A man in the UK is organising Britain’s first small penis party
This lad has some pair of balls on him that’s for sure.
Socialites fond of a night on the town often like to brag about the parties they attend, but we’re not sure there’ll be too many bragging about going to a certain party coming up in the UK next month.
Poet Ant Smith is throwing a ‘Big Small Penis Party’ in London, a party that is open to males and females, but the entry fee for male guests will depend on the size of their, ahem, little man down there.
According to The Mirror, entry to the party will be charged at 50p per inch, with attendees required to disclose the size of their penis on entry.
The effect of this is two-fold in that partygoers exaggerating about their reproductive organ will have to cough up more cash, whereas those trying to get in on the cheap will have to admit to having a tiny member.

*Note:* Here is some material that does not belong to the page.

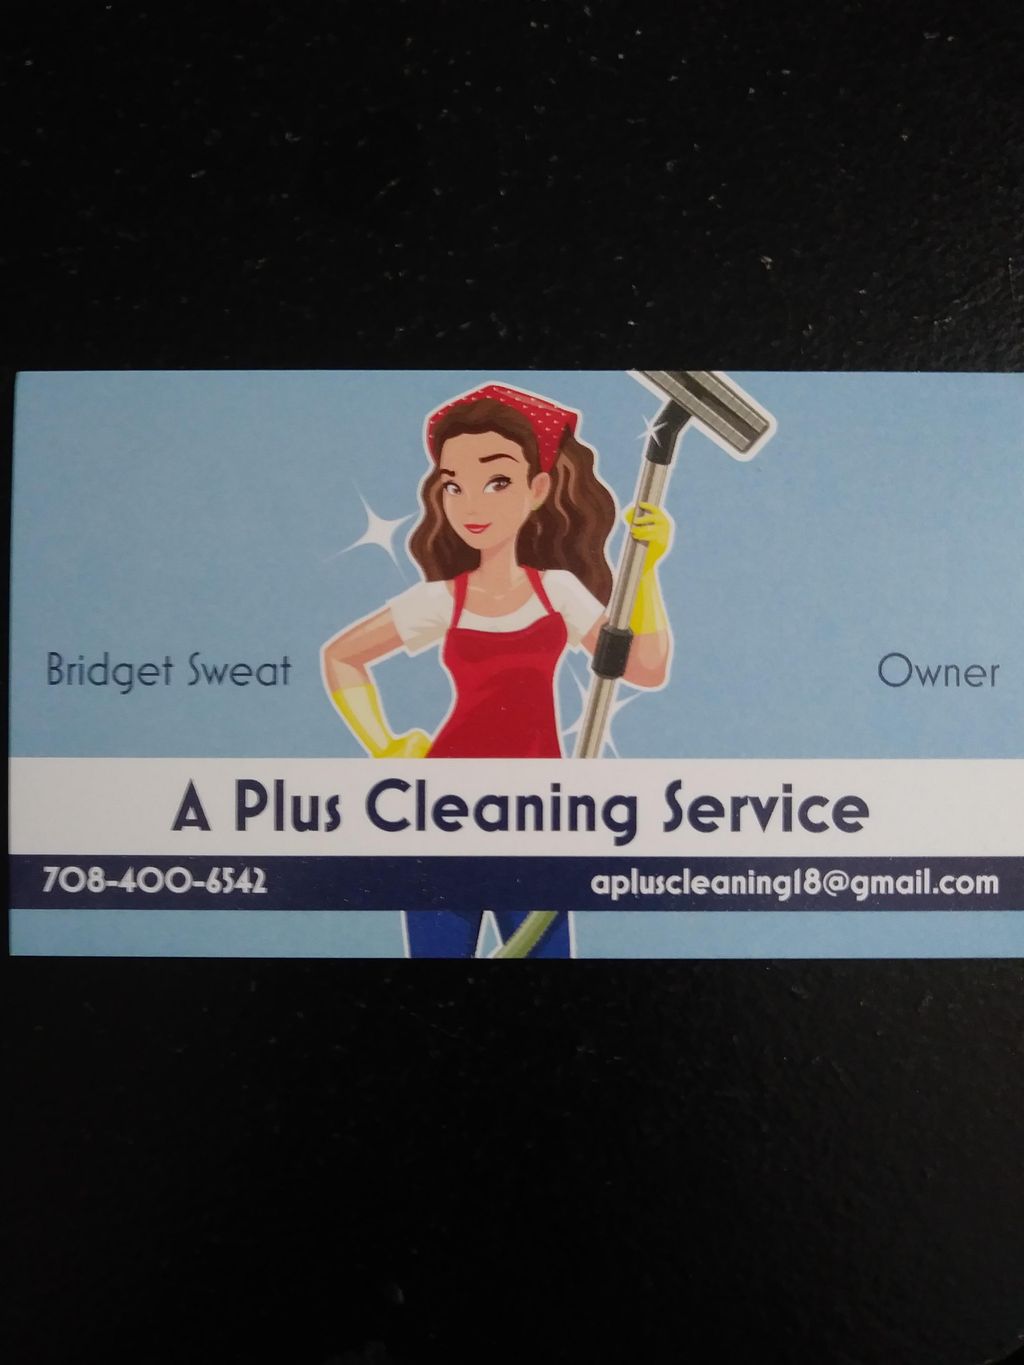 A Plus cleaning service

It’s not going to make much of a difference either way because with the size of an average male penis being five to six inches, most men attending the party will get in for £3 or less.
Talk about bang for your buck!
It also begs the question, do women get in for free?
“For too long, men who perceive their penises to be small have been made to feel inadequate,” Smith is quoted as saying in The Mirror.
“It’s time to stand up and say there’s nothing wrong with having a little nob.”
Comedians, nude poets, musicians and rappers have already been lined up to perform at the event, which will take place at The Rhythm Factory in Whitechapel in London on March 7
“It’s an open invite to everybody, male or female, Smith added.
“We’ve all been touched by a small penis in our lifetime, now’s the time to give something back.”
Will they be rocking out with their cocks out? We’ll get our coats.